Though residents have remained without water for the past month, Walker said property managers have still sent out water bills and threatened her and several neighbors with maintenance citations.

Walker said she’s already in discussions to end her lease, but she worries for many of her neighbors with few options, many of whom are elderly.

“I will go live in a cardboard box before I continue to pay for this crap,” she said.

Among those neighbors is Jim Miller, an 82-year-old Vietnam veteran who has lived in his trailer for 43 years.

Miller, who recently suffered a stroke, is cared for by his daughters, Angel File and Patty Knapp.

Before Stackhouse Management took over the park in 2022, File said residents didn’t pay a water bill. But soon after the new company came in, it installed water meters at each unit.

In the subsequent three years, Knapp said her father’s rent has also about doubled.

But when File turned on the sink at her father’s home Friday afternoon, the water came out a pale yellow.

Without clean water, File said she takes a large cooler — like one used by sports teams — to her father’s home.

That’s made bathing her aging father all the more difficult, File said.

“He should be able to drink water and shower in his own home,” Knapp said.

The sisters said they’re hoping for a resolution soon but remain flummoxed in the meantime.

“He has nowhere to go,” Knapp said.

But the lack of water is only one among several issues, longtime resident Roger Tebay said.

Tebay and his wife, Gail, have lived in their home for 48 years.

He said things were good under previous ownership, the local McKruit family. But after Stackhouse Management took over, Tebay said his rent has similarly doubled, he’s been threatened with citations and he suddenly had to pay for water.

And now, that water’s not safe.

“It’s disheartening; it’s oppressive, and we have no one to fight for us,” Tebay said.

A former coal miner, Tebay said he’s tried to help his neighbors over the decades, chipping in toward heating oil for one neighbor and buying a furnace for another.

But with the recent financial strain, he said he’s suddenly the one who needs help.

“I never thought I had to worry about losing my home,” Tebay said.

When TribLive staffers arrived at the park, site manager Kylie Goldstrohm told them it was private property, and instructed them to leave.

She later declined a request for comment.

Stackhouse did not respond to a TribLive request for comment.

An initial Pennsylvania Department of Environmental Protection report at the park cited a “break down in ion exchange treatment” as the cause of the high manganese.
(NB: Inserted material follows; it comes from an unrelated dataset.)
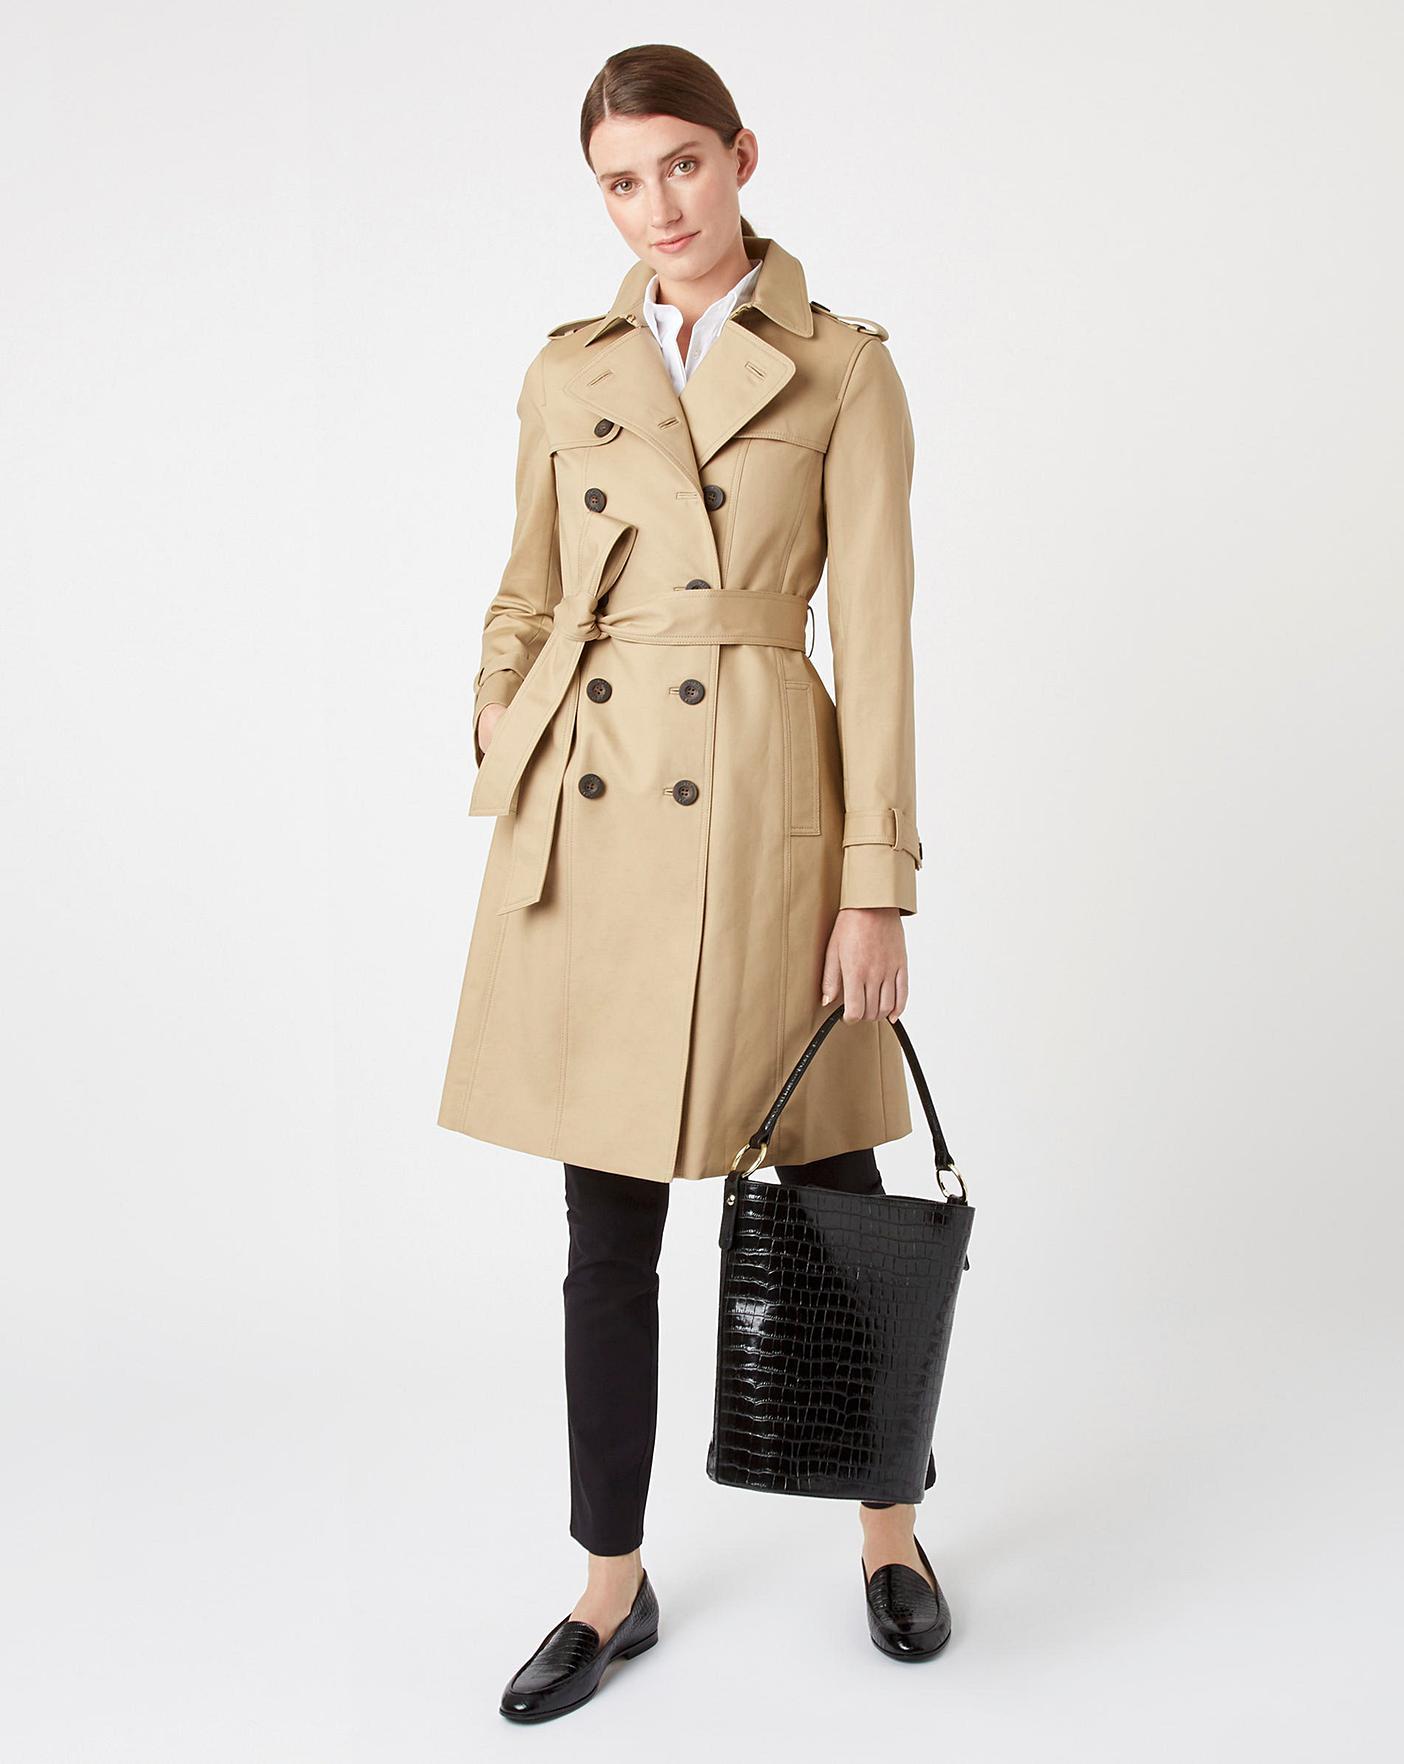 Beige 'Saskia' Trench Coat
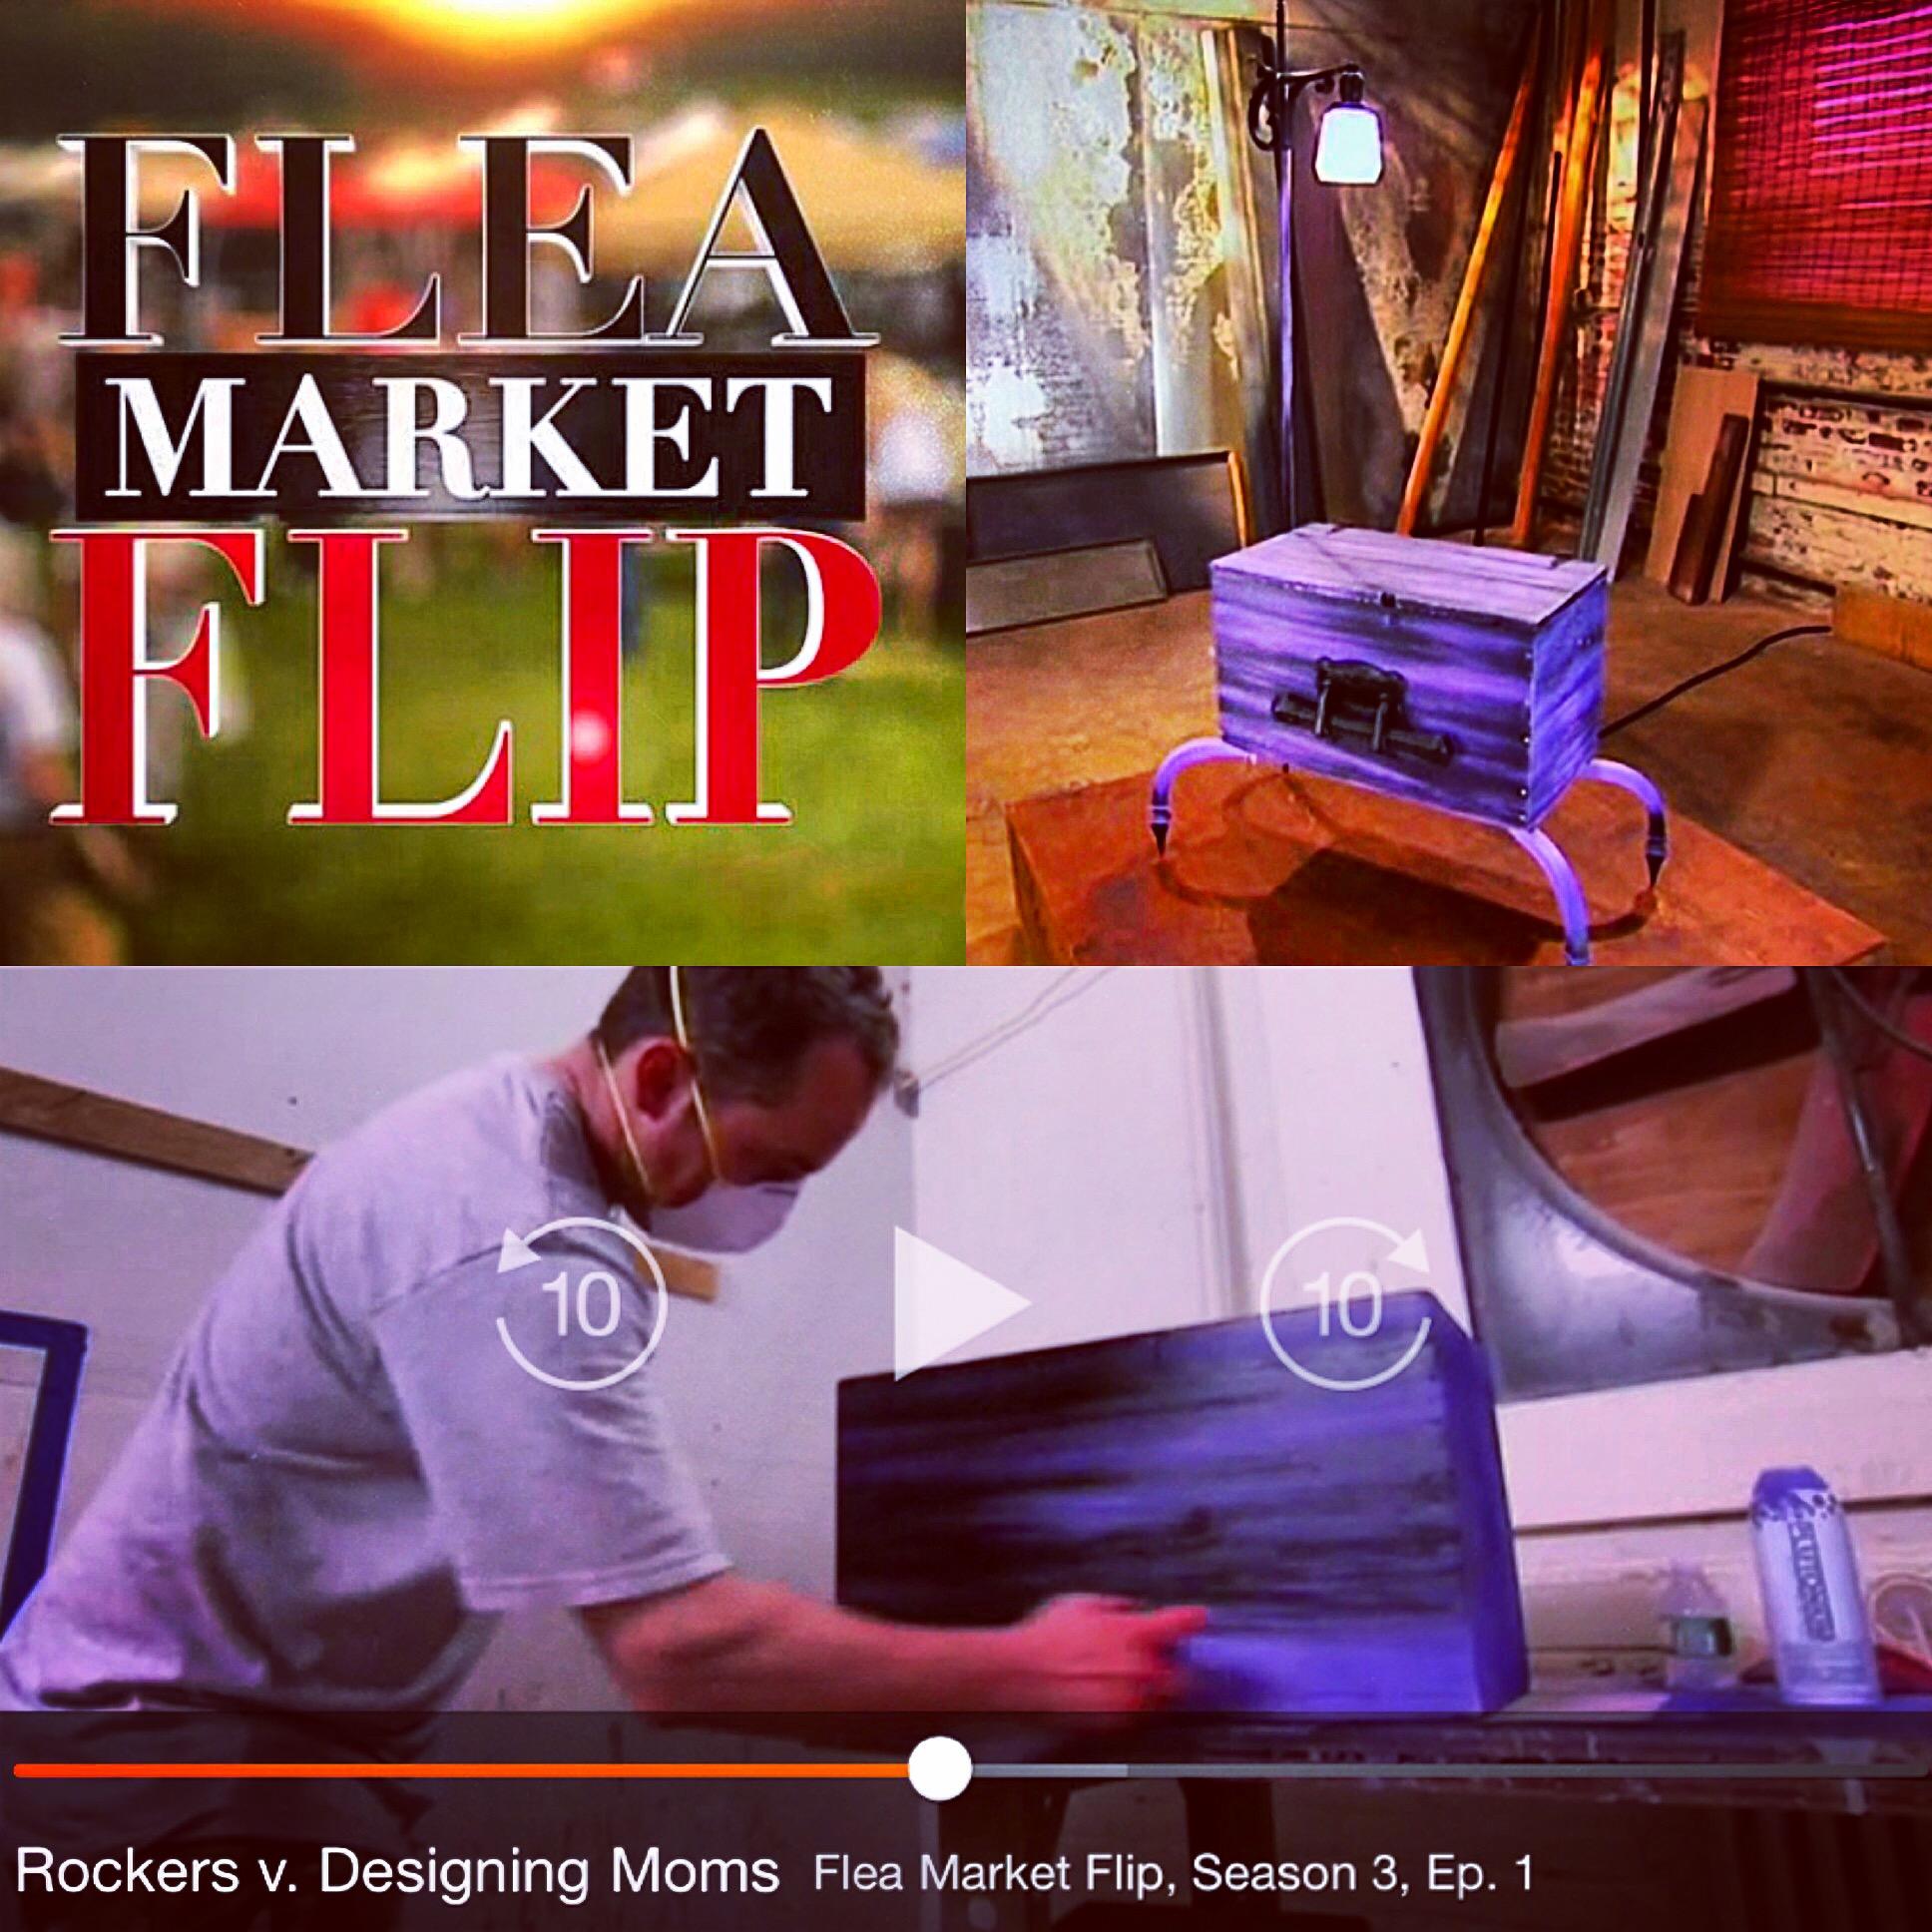 Flea Market Flip! – Plutonium™ Paint

On Thursday, Stackhouse issued a notice to residents saying repairs had been delayed while the company waited for replacement parts. The company said its “water softener system” has since been “fully restored.”

Initial tests showed the water to be within acceptable standards, Stackhouse said, but the company said it expects testing results from the DEP by Monday.

For now, the notice said residents are under a boil water advisory.

DEP officials did not respond to TribLive requests for comment.

It remains unclear when park residents will be able resume normal use of their water.